BEGIN Information supplied

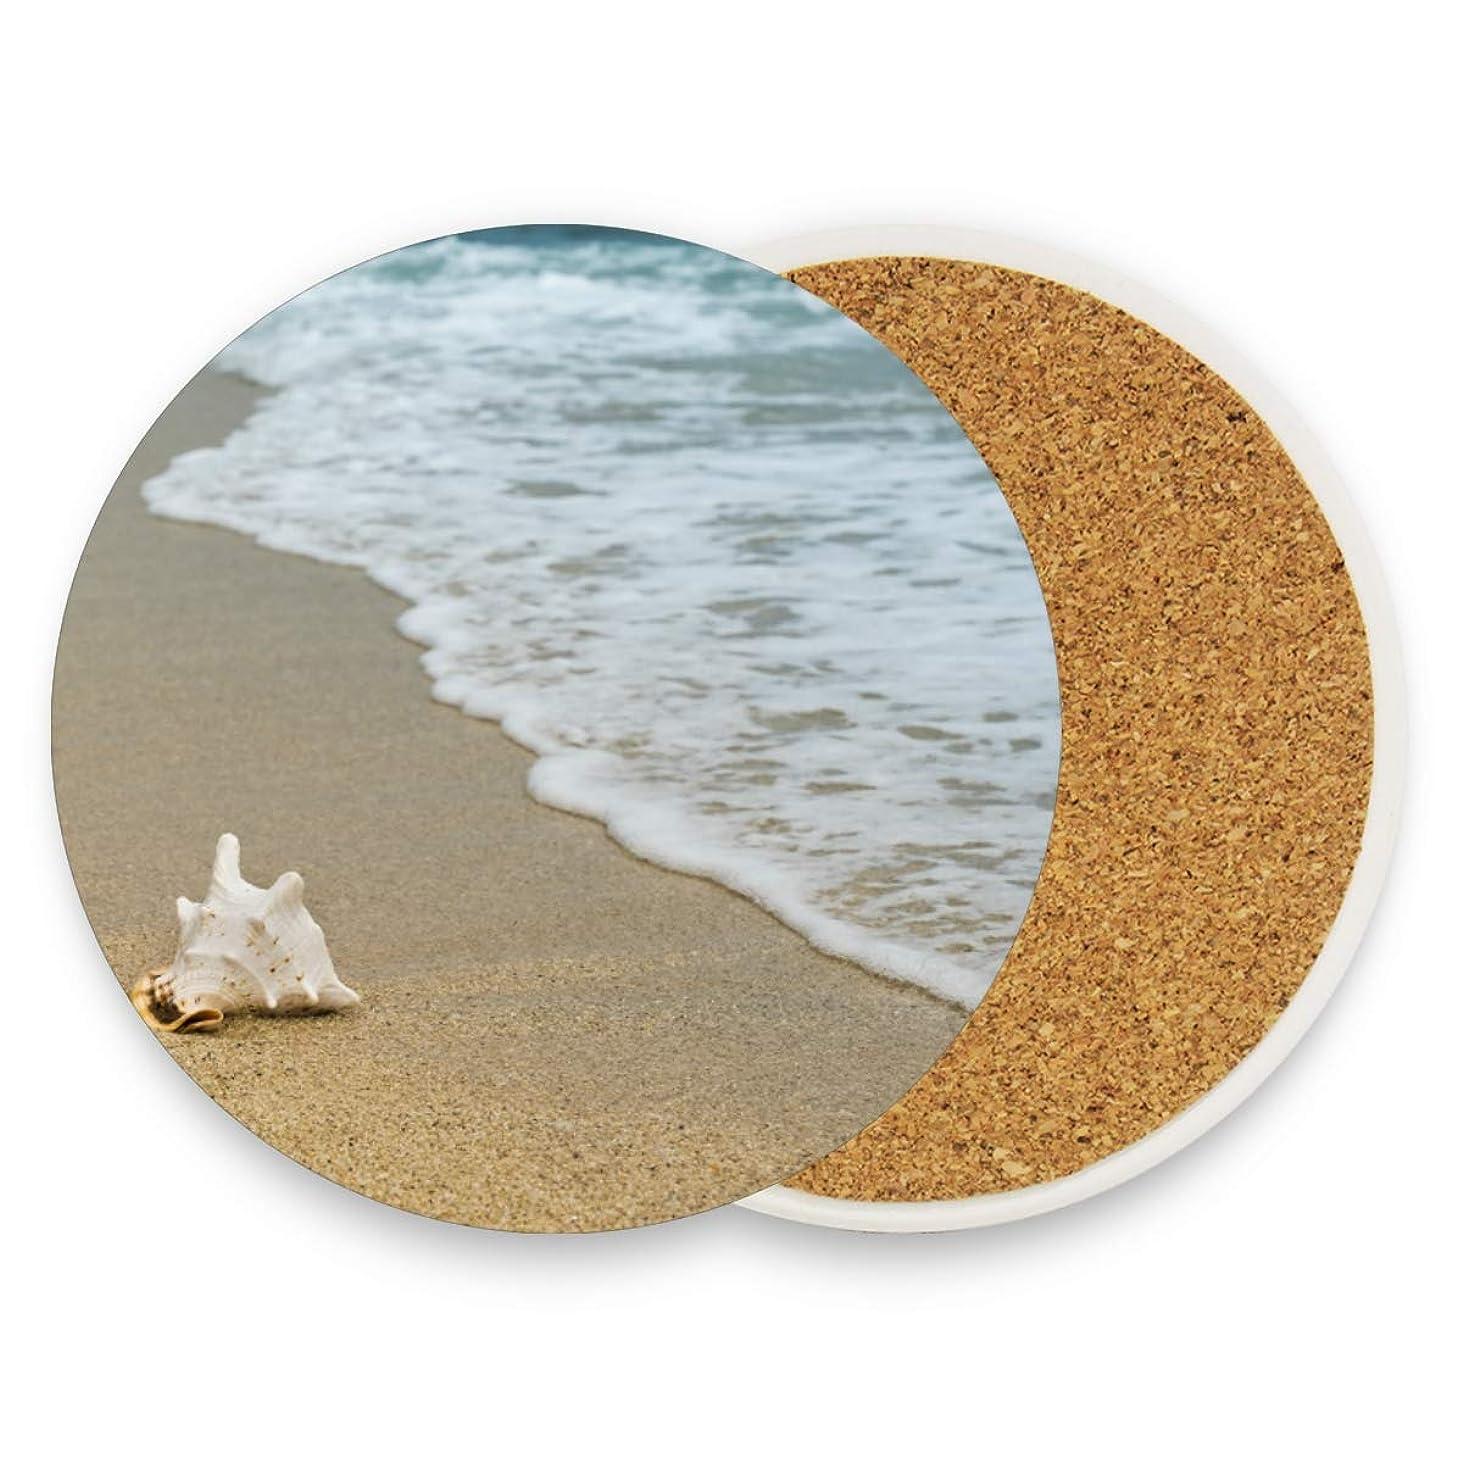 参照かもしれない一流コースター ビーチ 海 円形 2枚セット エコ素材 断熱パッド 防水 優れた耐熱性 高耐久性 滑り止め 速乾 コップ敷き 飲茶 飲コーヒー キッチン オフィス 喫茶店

END Information supplied
BEGIN Information supplied

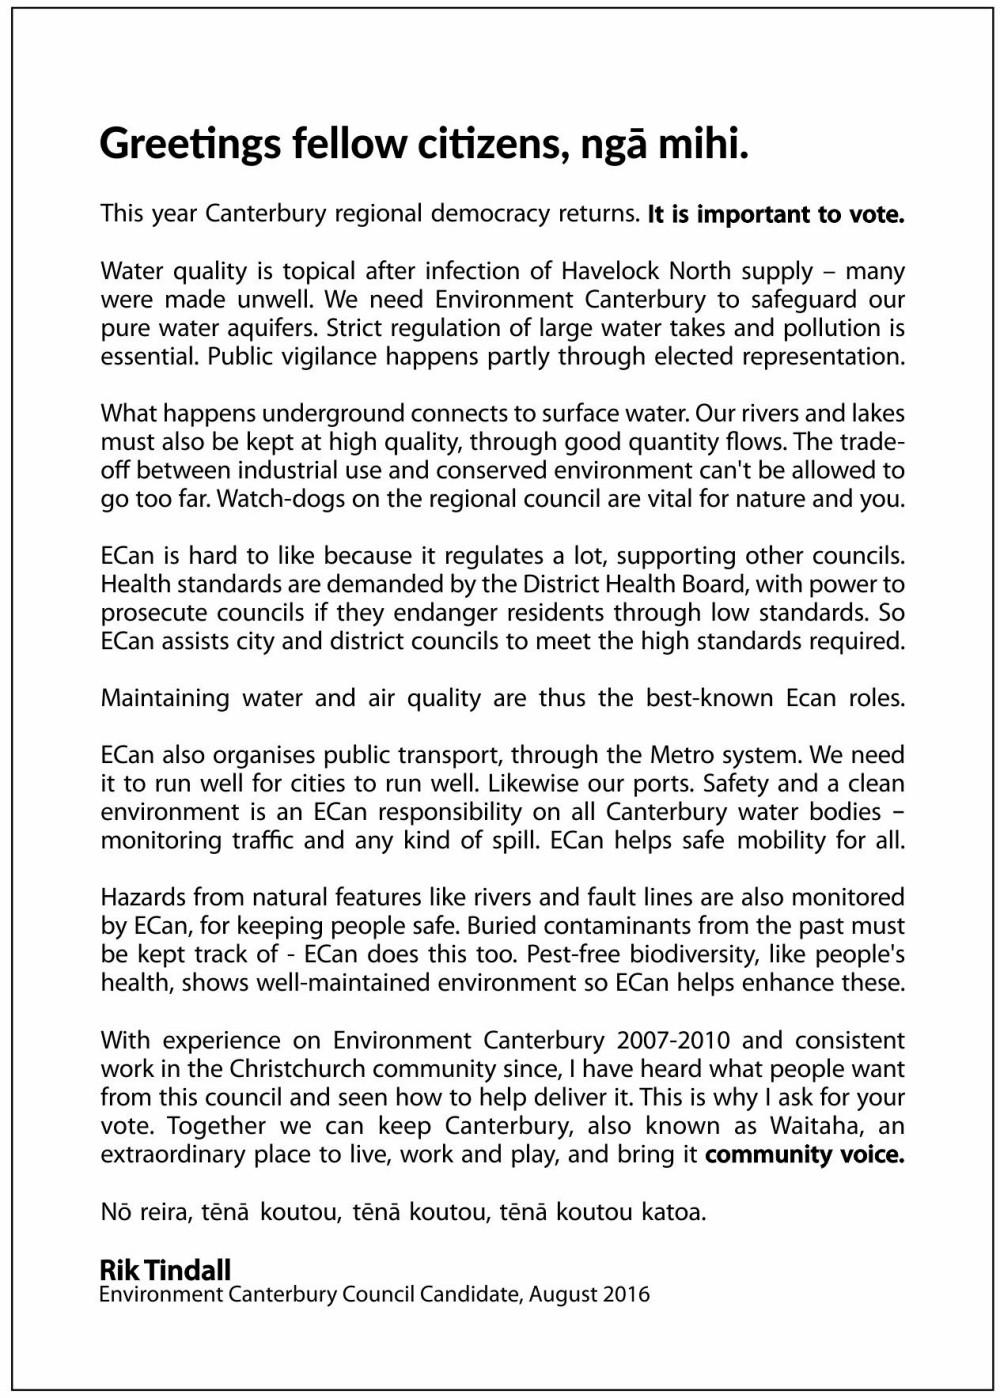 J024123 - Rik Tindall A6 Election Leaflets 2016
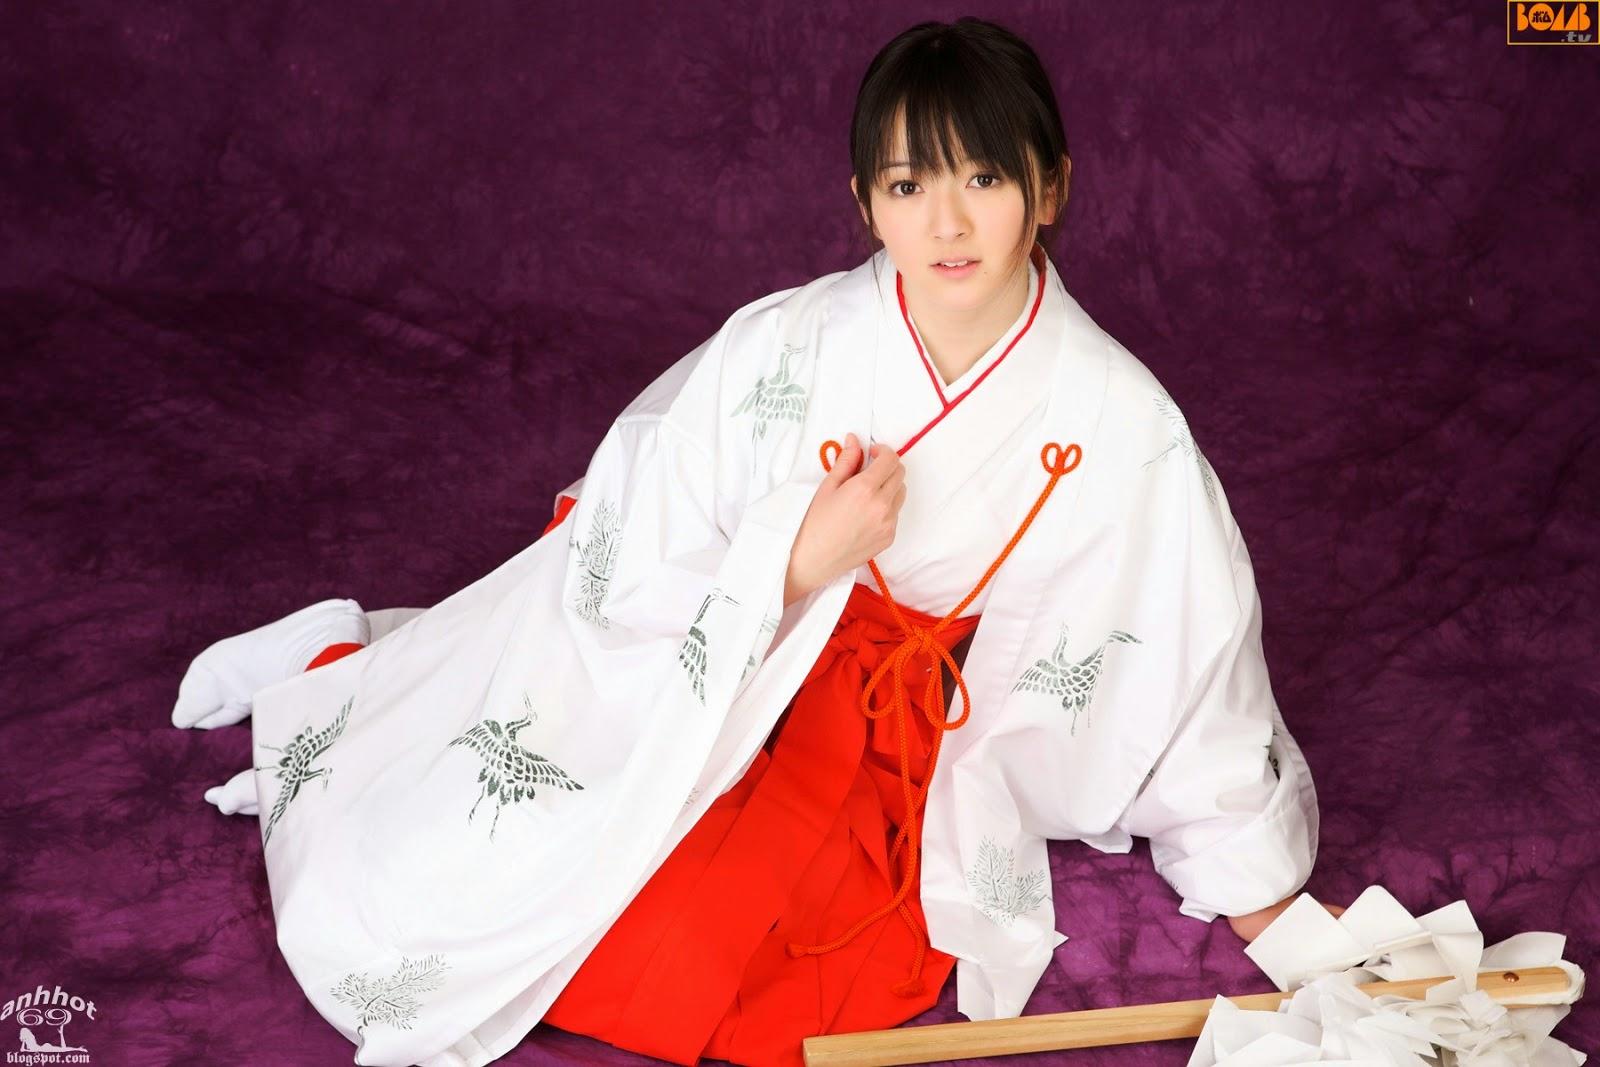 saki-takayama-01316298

END Information supplied

» Aim of the task: Line for line, output the entries above from the line with "J024123 - Rik" to the line with "saki-takayama-01316298", both included, and nothing more. Skip pictures.

» Reply to the exercise:
 J024123 - Rik Tindall A6 Election Leaflets 2016
 saki-takayama-01316298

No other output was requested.